How to Buy a Home With a Low Down Payment
It’s a big roadblock on the path to homeownership: the down payment. Now some lenders are backing away from FHA loans, the key program allowing low down payments and favorable interest rates for many new buyers. These lenders say strict regulations cause them to shy away from FHA loans. And recently some of the largest banks have effectively eased themselves out of the FHA market by slapping additional credit requirements on top of FHA lending standards. But there are a couple of other federal loan programs that lenders love — and first-time homebuyers will, too.

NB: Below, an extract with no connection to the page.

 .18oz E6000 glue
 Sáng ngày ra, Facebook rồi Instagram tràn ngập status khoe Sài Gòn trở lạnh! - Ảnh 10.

A Down Payment That’s Tens of Thousands of Dollars Less
Renters are placing a greater priority on building their emergency savings, stocking away money for retirement or their children’s education than on saving for a down payment on a home, according to a recent survey by Freddie Mac. It’s no wonder: The traditional 20% down payment that most lenders prefer can be an awfully big number to hit. For example, it’s $60,000 on a $300,000 home. And that’s before closing costs and other buying-a-home expenses. But something around 3% down — now, that can seem doable. It’s about $10,000 down on the same $300,000 home. A 3.5% down payment option has been the big draw for FHA loans. But two other government sponsored programs are offering 3% down home loans, backed by Fannie Mae and Freddie Mac.
Don’t sweat it, I’ll keep this simple. Here’s what you need to know.

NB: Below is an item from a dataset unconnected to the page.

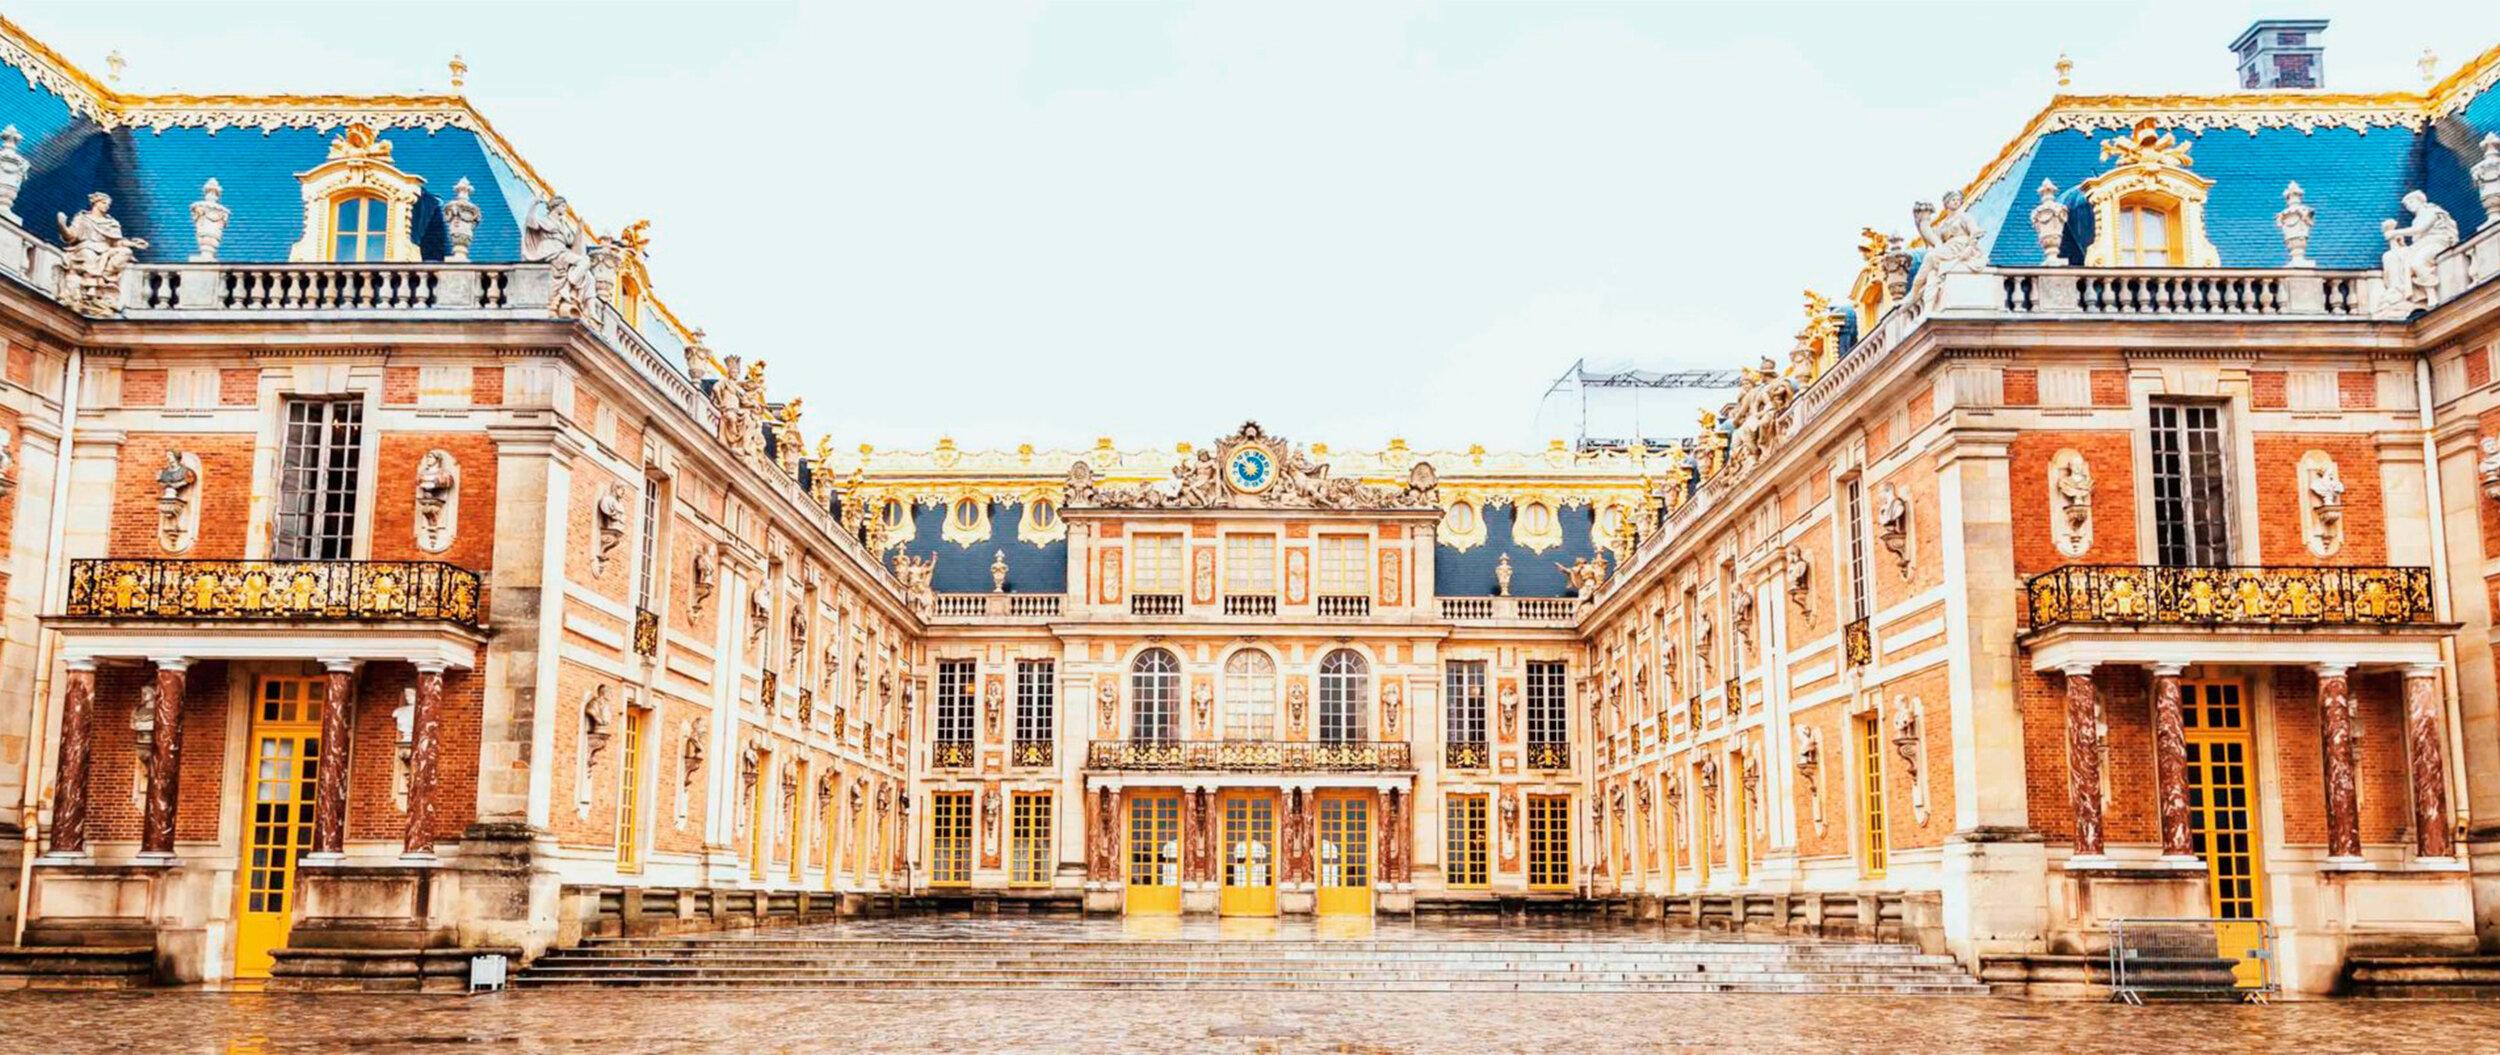 10- Palácio de Versalhes -

Fannie, Freddie, FHA: They all sound the same, right? But there’s a big difference to lenders — and they’re the ones you’ll be working with on your home loan. They know the ins and outs of all three and deal with that; you just need to know what options are out there.
While some of the largest lenders have been turning their backs on FHA loans, they like Fannie and Freddie-backed mortgages — which are considered “conforming” loans — because they don’t have to wade through all the regulations and restrictions of FHA-backed mortgages. While FHA loans still serve their purpose for some buyers, folks with (credit) scores above 720 usually find conforming loans a better option, especially now since they can put as little as 3 to 5% down. Borrowers can even get help with the down payment. With these programs, the down payment can be a gift.
But there are some restrictions built into the programs that let you borrow up to 97% of the home’s value. At least one of the buyers has to be a first-time homebuyer (meaning you haven’t owned a home in the past three years), the home must be your primary residence and only fixed-rate mortgages are offered — adjustable-rate loans are not eligible. You will also pay for private mortgage insurance. But you may be able to cancel PMI after you reach 20% equity in your home with a Fannie Mae or Freddie Mac backed loan, while FHA mortgage insurance is charged for the life of the loan. For borrowers who aren’t first-time homebuyers, there are other loan programs with down payments as low as 5%.
The Bottom Line
FHA loans are still an option for first-time homebuyers, especially if your credit is less than perfect. But you’ll probably need to look for smaller, independent FHA-approved lenders. But if you have good credit, Fannie- and Freddie-backed loans open up new possibilities for qualified borrowers who just can’t quite get over that 20% down hurdle. And remember to shop a handful of lenders to find your best mortgage rate and best-priced home loan.